Department of Medicine: Educational Projects

Berman Institute faculty are heavily involved in ethics education projects in the  Department of Medicine, both at the Johns Hopkins Hospital and the Bayview Medical Center.

Department of Medicine at the Johns Hopkins Hospital:

Dr. Mark Hughes conducts the Clinical Ethics Curriculum for Medicine Residents at Johns Hopkins Hospital. The curriculum includes:

  • Noon Conference: Periodically over the course of the academic year, noon conferences are dedicated to clinically oriented, case-based discussions, during which important ethics topics are reviewed. Residents are invited to help facilitate the discussions.

    Another venue for ethics discussions is Tumulty Rounds, in which a faculty member invites a patient to share their story and residents join in a discussion about aspects of the patient’s care.

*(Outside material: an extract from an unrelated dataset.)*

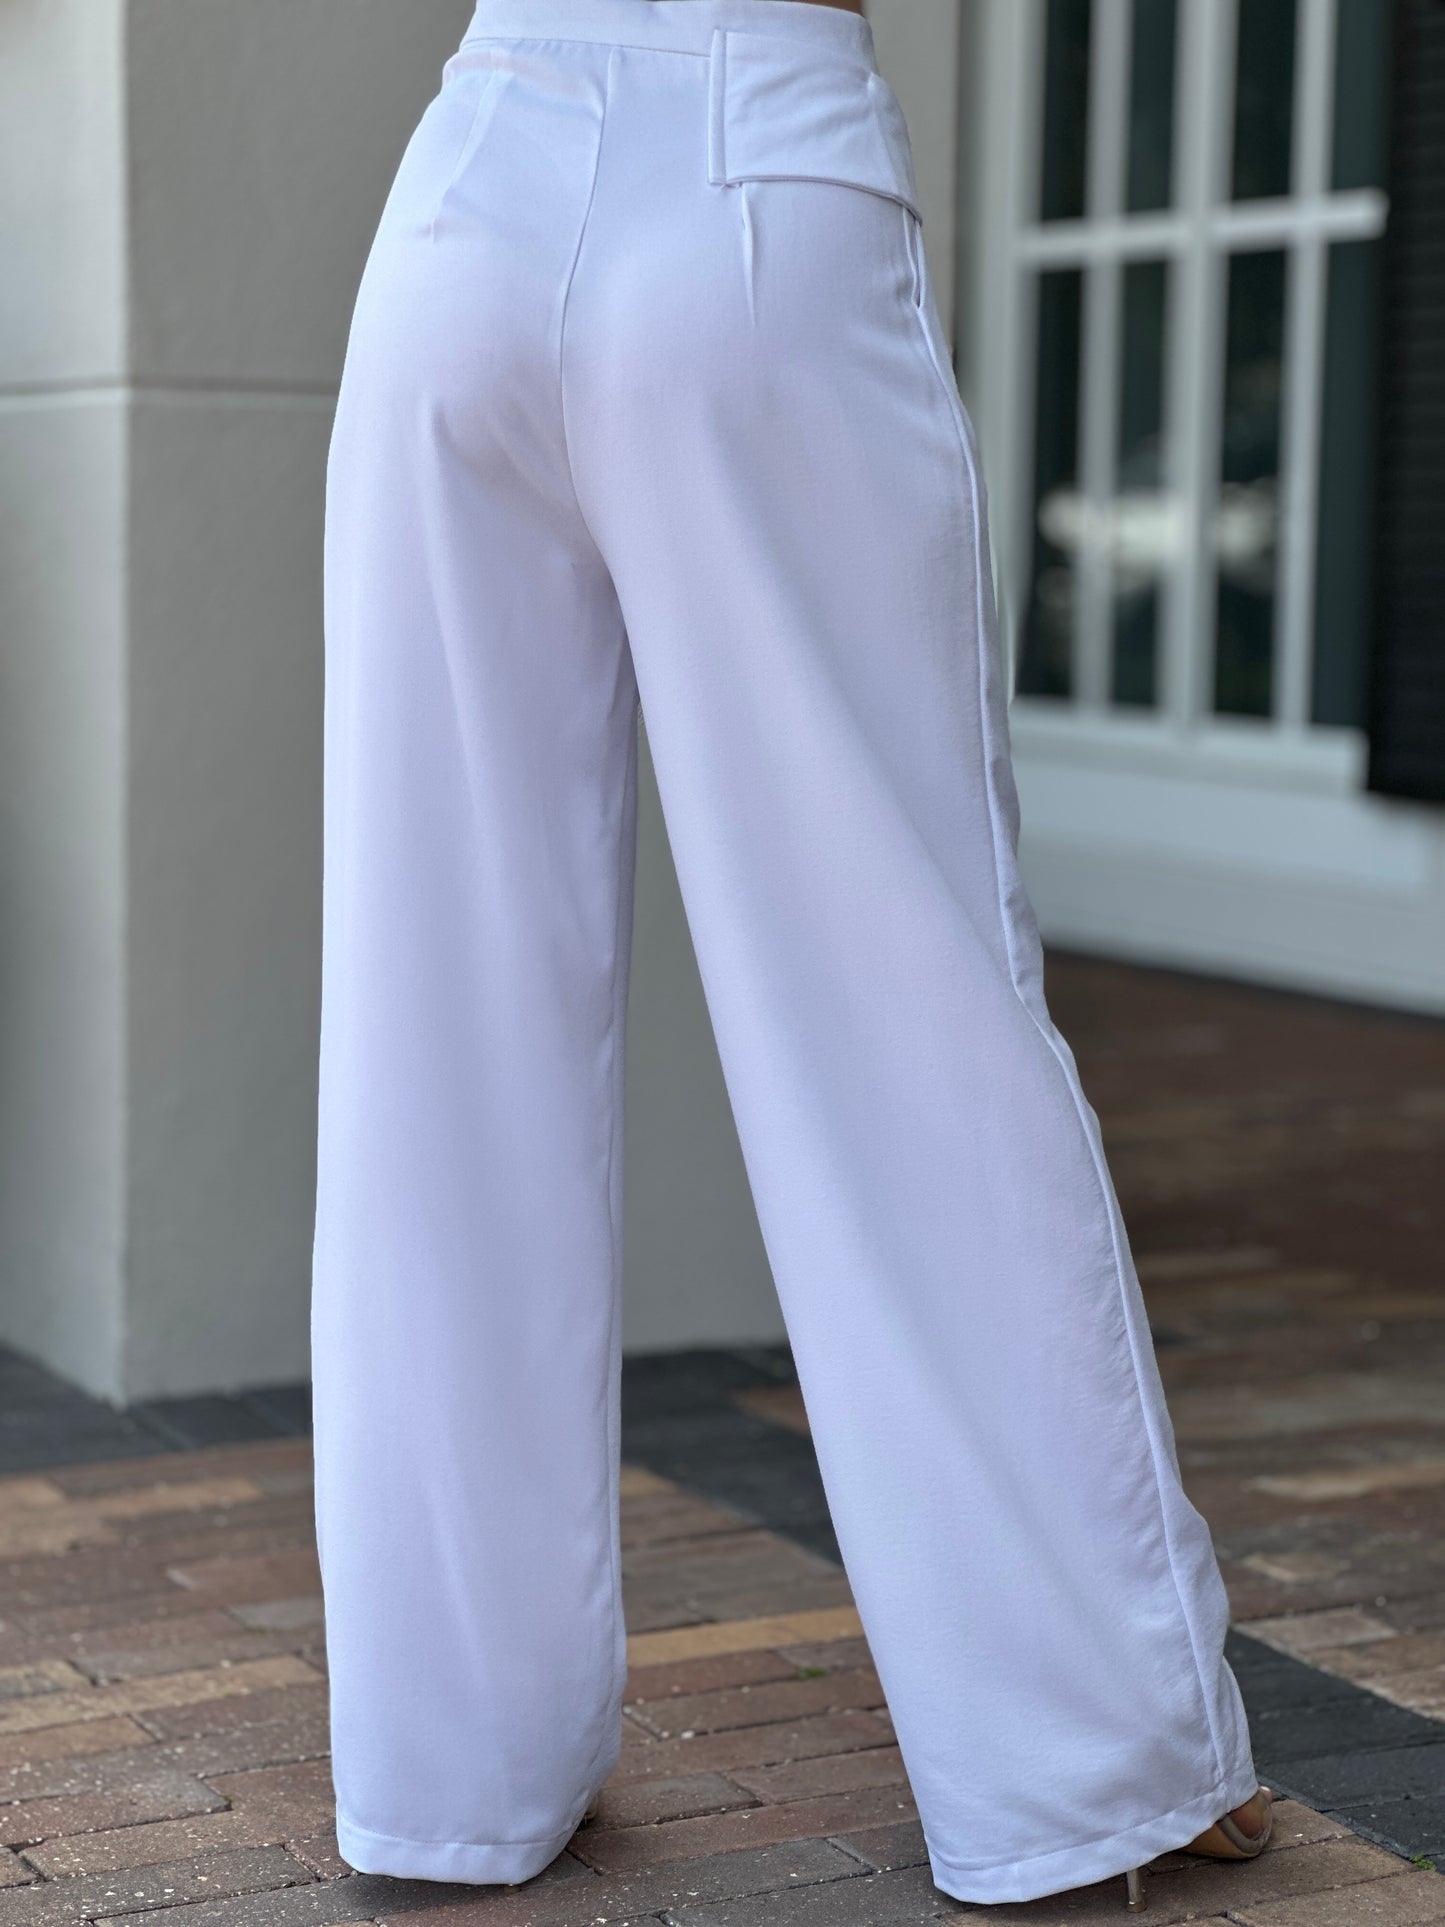 Addie Crossed Button White Pants

  • Ethics Sessions at Intern Report:  Intern report in the Department of Medicine at Johns Hopkins Hospital is directed by the Program Director, Sanjay Desai.  Several sessions are set aside for Dr. Hughes to address ethical issues as they relate to the interns’ new roles as physicians and members of the healthcare team.
  • Advanced skills for informed consent: Dr. Hughes teaches about the interface between ethics and communication skills in a simulated encounter addressing informed consent and shared decision-making. Residents participate in the lab individually, role playing a scenario with a standardized patient, in which they are required to obtain informed consent for an investigational biopsy. Following the videotaped simulated patient encounter, the resident is given feedback on his/her communication skills from the simulated patient and Dr. Hughes.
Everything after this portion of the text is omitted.